松太郎的神色柔和了许多,眼角因为哭笑难分的表情而下垂。
阿近胸中一阵激动,不顾一切的奔向了松太郎,大喊着对不起,对不起,对不起。
可突然间,有人握住了阿近的手臂,让阿近直接一屁股坐在了地上,幸好,有个柔软的东西托住了自己。
那是红色的曼珠沙华,一整片!
抓住阿近胳膊的是,从曼珠沙华中出现的恶建材商藤兵卫。
“三岛屋小姐。”
“藤……藤……藤……”
“您叫我藤兵卫藤吉都好,我仍然是在黑白之间说故事的那个我,您只要躲在曼珠沙华里面,这座宅子就不会马上找到您。”
“藤兵卫先生……您应该已经过世了……”
“没错,三岛屋小姐,我早已不在人世,所以我能够跟在小姐身后,不受这座宅子的意念左右。
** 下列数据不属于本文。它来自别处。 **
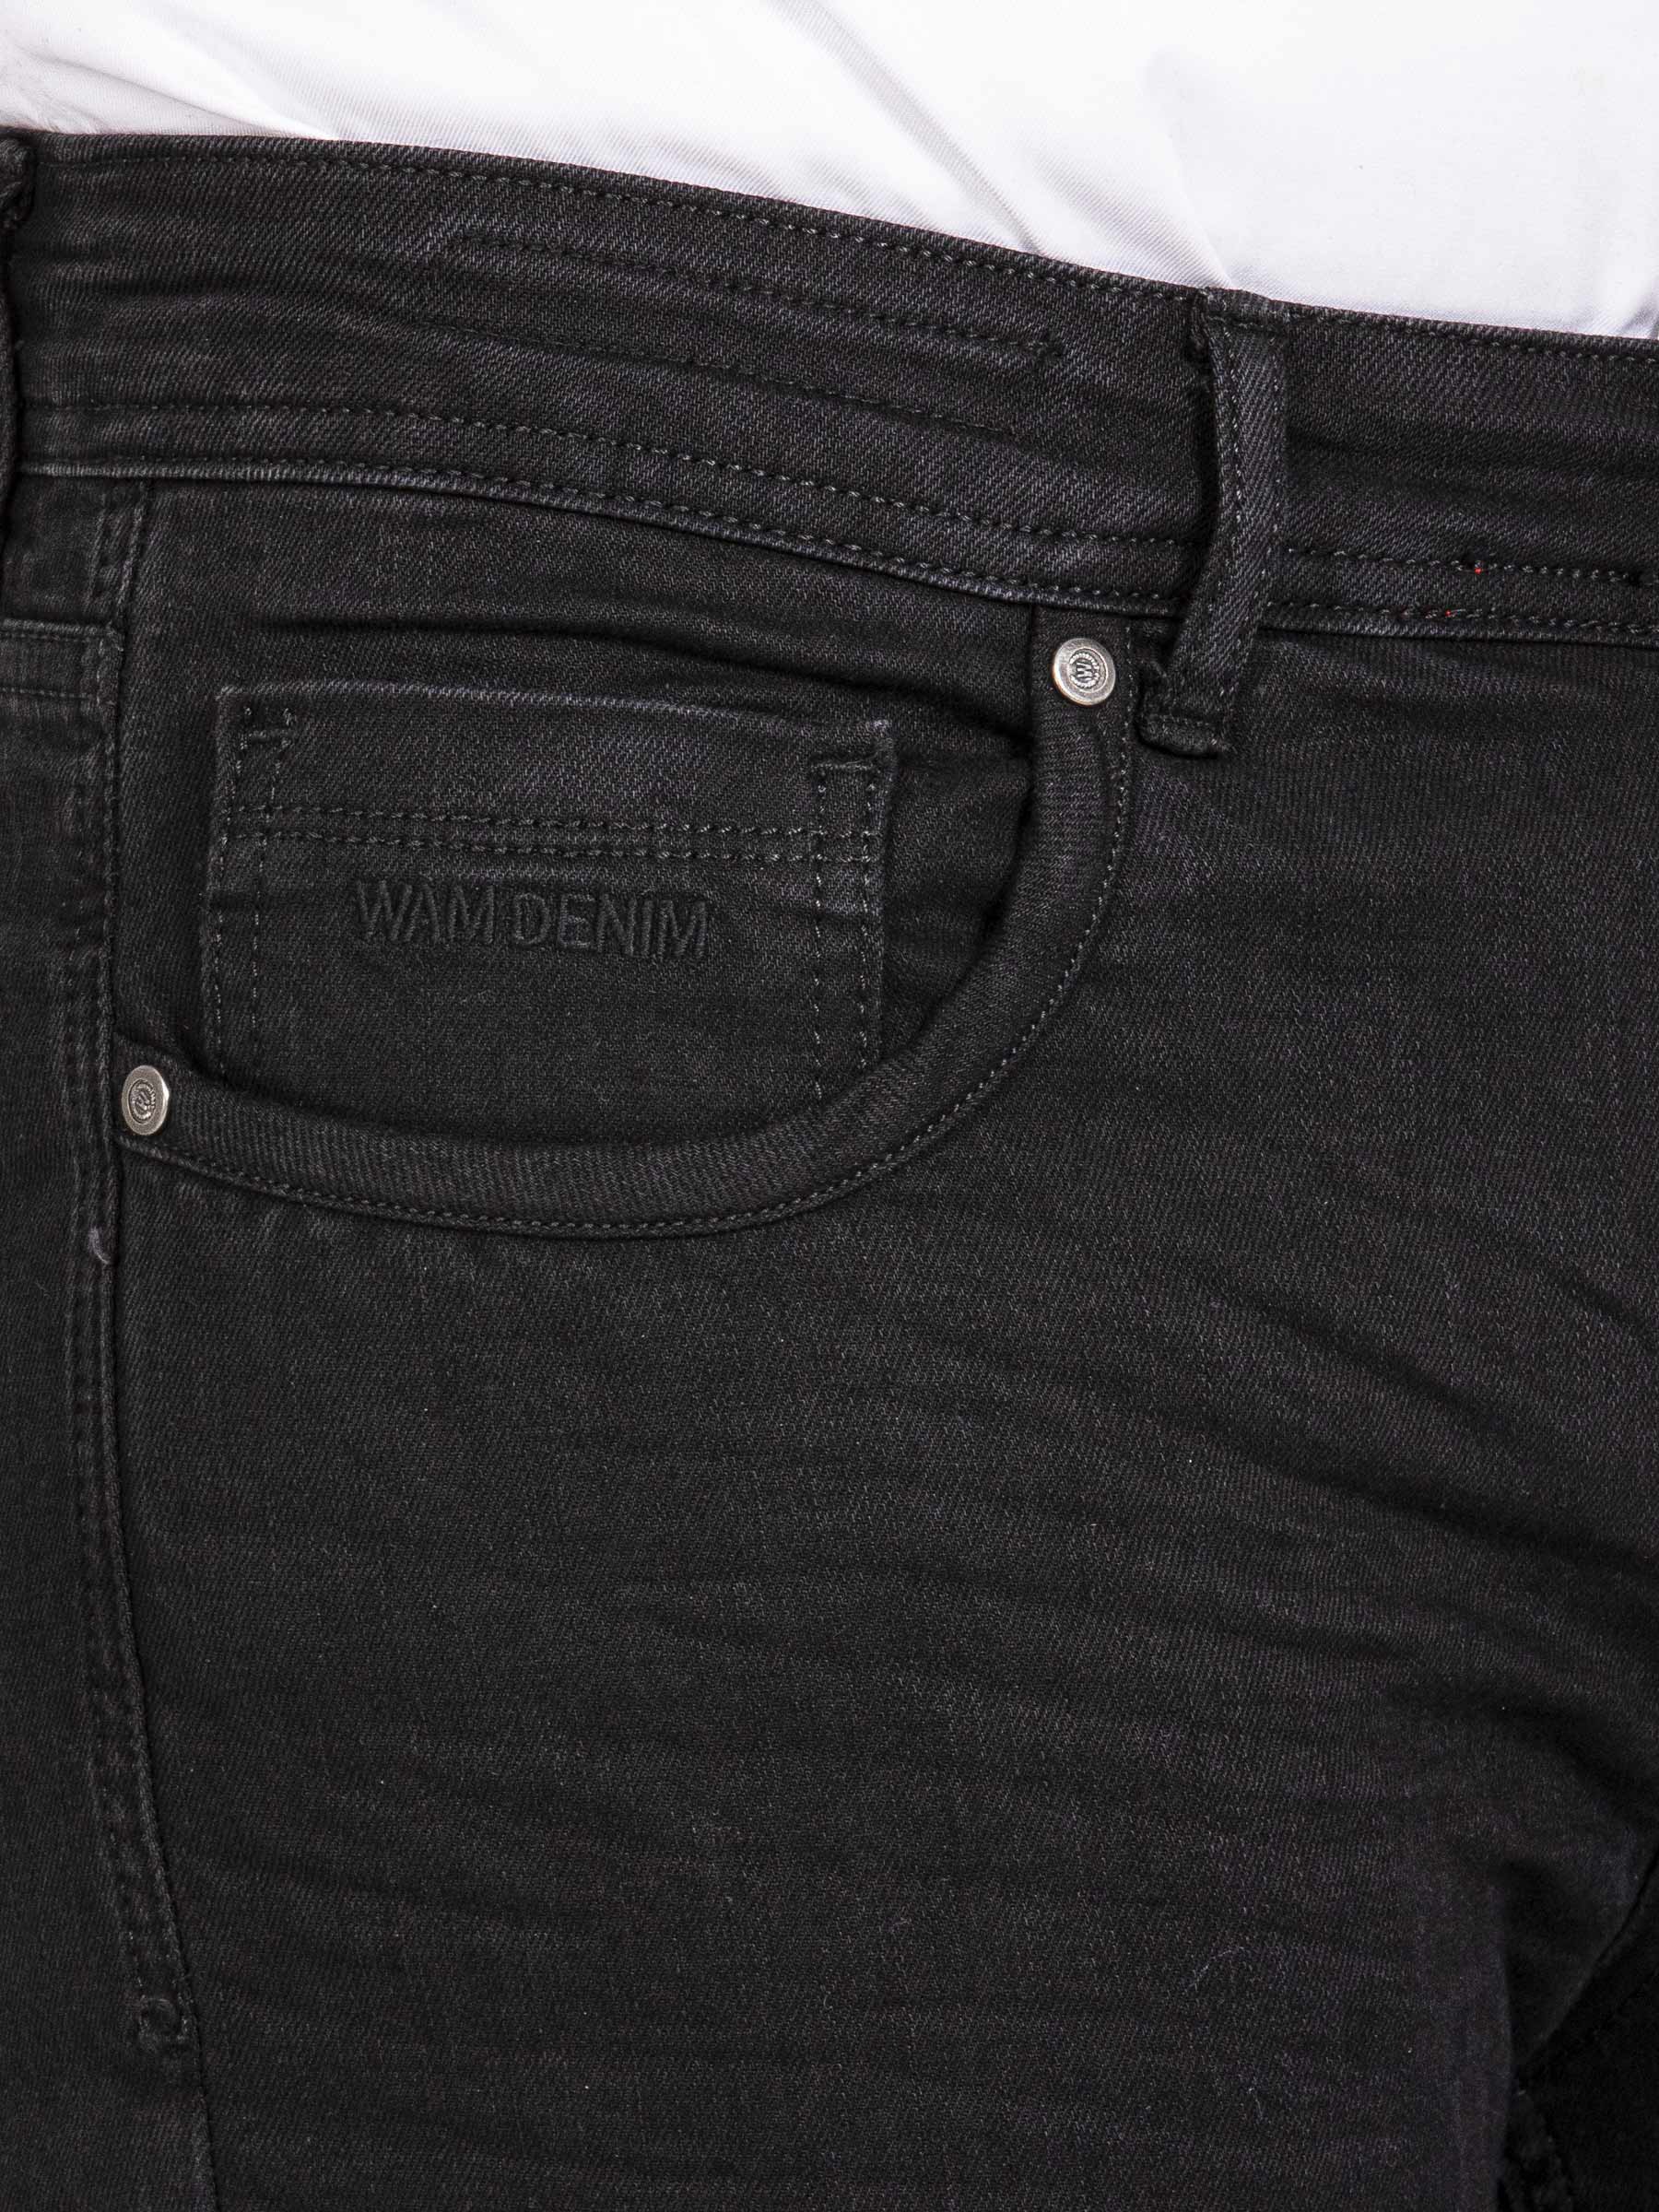 Jeans 72336 Spalding Black

我是尾行您过来,我们不能眼睁睁的让您被这个宅子吞噬!”
阿近有些惊讶的看着藤兵卫:
“我们?”
藤兵卫笑了笑:
“没错,不只有我,还有其他人,小姐用心聆听的故事里,所有出现过不幸的亡灵。”
阿近从曼珠沙华的花丛中回望,发现远处高空中,有无数和服摇曳,下面有一名貌美女子,他身边还有一名像是木偶一般的男子,容貌有些相似。
这么说起来……
“是石仓屋的阿彩小姐和市太郎先生,锁匠清六先生应该也在附近,我们都是来保护小姐的。
这座宅邸是亡灵的居所,我们这些亡灵希望能助小姐一臂之力,让我们帮助小姐您离开这里!”
阿近思考了一下,问出了自己最想要知道的事情:
“为什么?大家愿意帮我?”
“因为您听过我们的故事,倾听我们心中的悲痛,以及生前犯下愚蠢过错的种种悔恨。
您仔细聆听,感同身受,在我们心中为我们流泪,没有以事不关己的态度看待这些残酷的事情,也没有将其视为不详而别过脸去,或以愚蠢无聊加以斥责,你在聆听故事后,为我们哀悼。
所以我们的罪业,因为小姐泪水的洗净,而获得解脱。
所以,这次轮到我们帮你走出心酸的过去!”
“我的心酸过去……”
“没错,一直折磨你的那个人,被呼唤来此。”
“有没有搞错了?松太郎先生没有错,他没有折磨我的意思。”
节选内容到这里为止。